1. **Peak ANE compute has not moved between M4 and M5 Max** (≈ 19 TFLOPS FP16,
   ≈ 35 TOPS INT8). The `h16 → h17` version bump does not show up in peak math.
2. **Training gains of 1.22–1.29× are CPU-driven**, not ANE-driven.

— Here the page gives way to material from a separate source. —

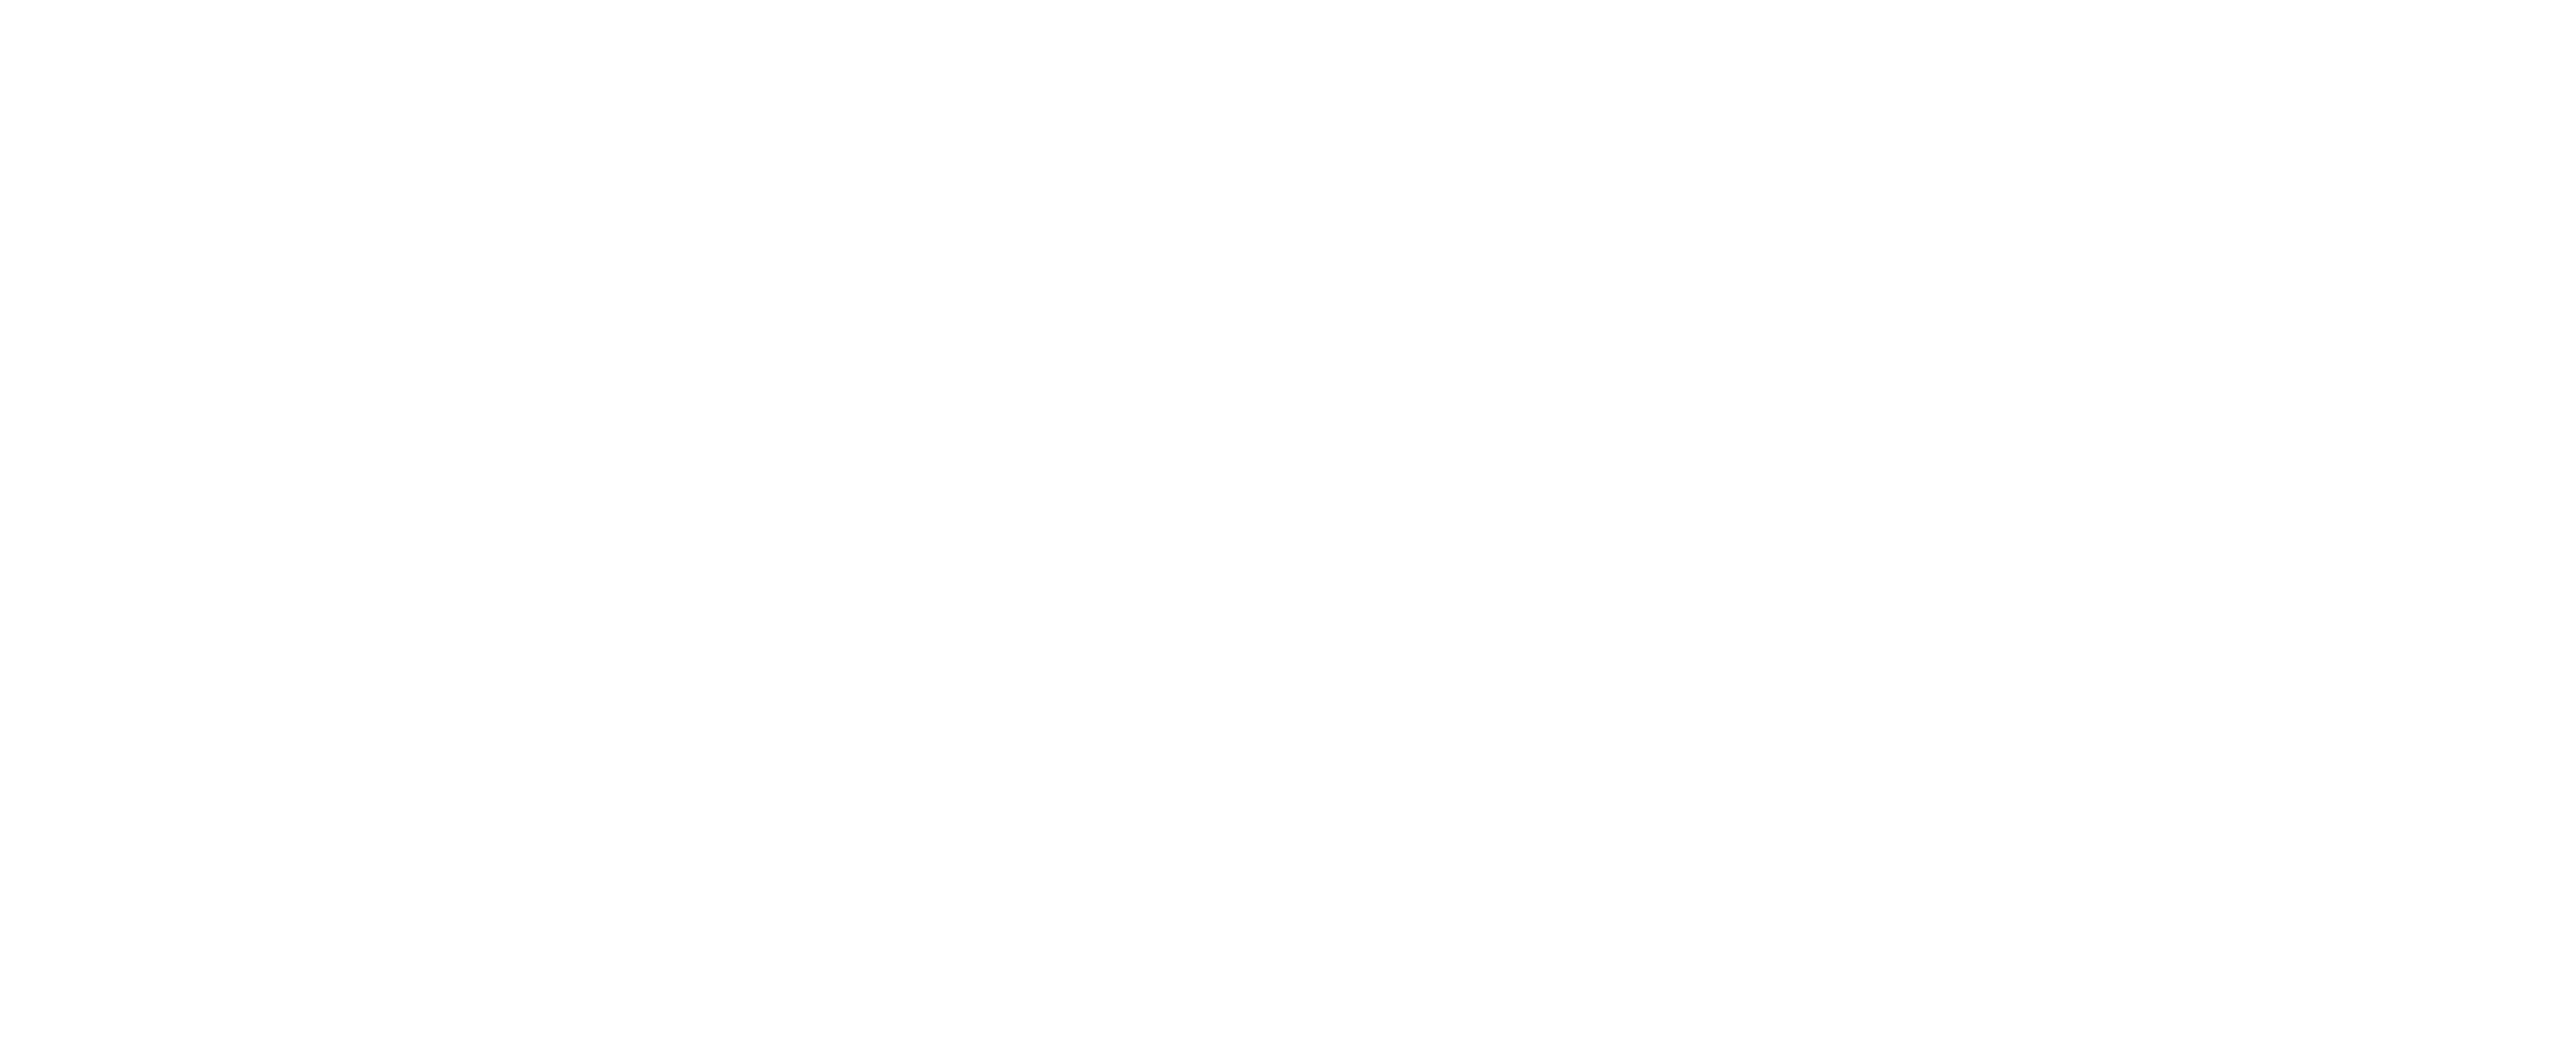 Hotel Fjordgaarden logo

The 12
   performance cores plus Accelerate's `cblas_sgemm` on M5 Max close the gap
   that made base M5 (4P + 6E) slower than M4 Pro despite a newer ANE.
3. **M5 Max's effective SRAM working set is ≥ M4's.** The `sram_bench` cliff
   sits past 70 MB where M4's was at ~32 MB, though a cleaner probe is needed
   (the 128 MB row changes two variables at once).

---

## Strategic implications

- Anyone optimizing training on this repo for M5 Max should focus on pushing
  RMSNorm / SiLU / classifier onto the ANE, not on peak-throughput MIL tricks —
  the ANE already has 60 % idle headroom per step.
- `h17` is worth re-probing with the tests under `training/test_*.m` — the
  `m5result.md` findings (weight-reload fails, weightsBuffer is inert,
  procedureIndex is accepted but ignored, QoS has no effect) were recorded on
  `h16` and may or may not hold on `h17`.
- No evidence that Apple has tightened the private-API surface on macOS 26.4.1.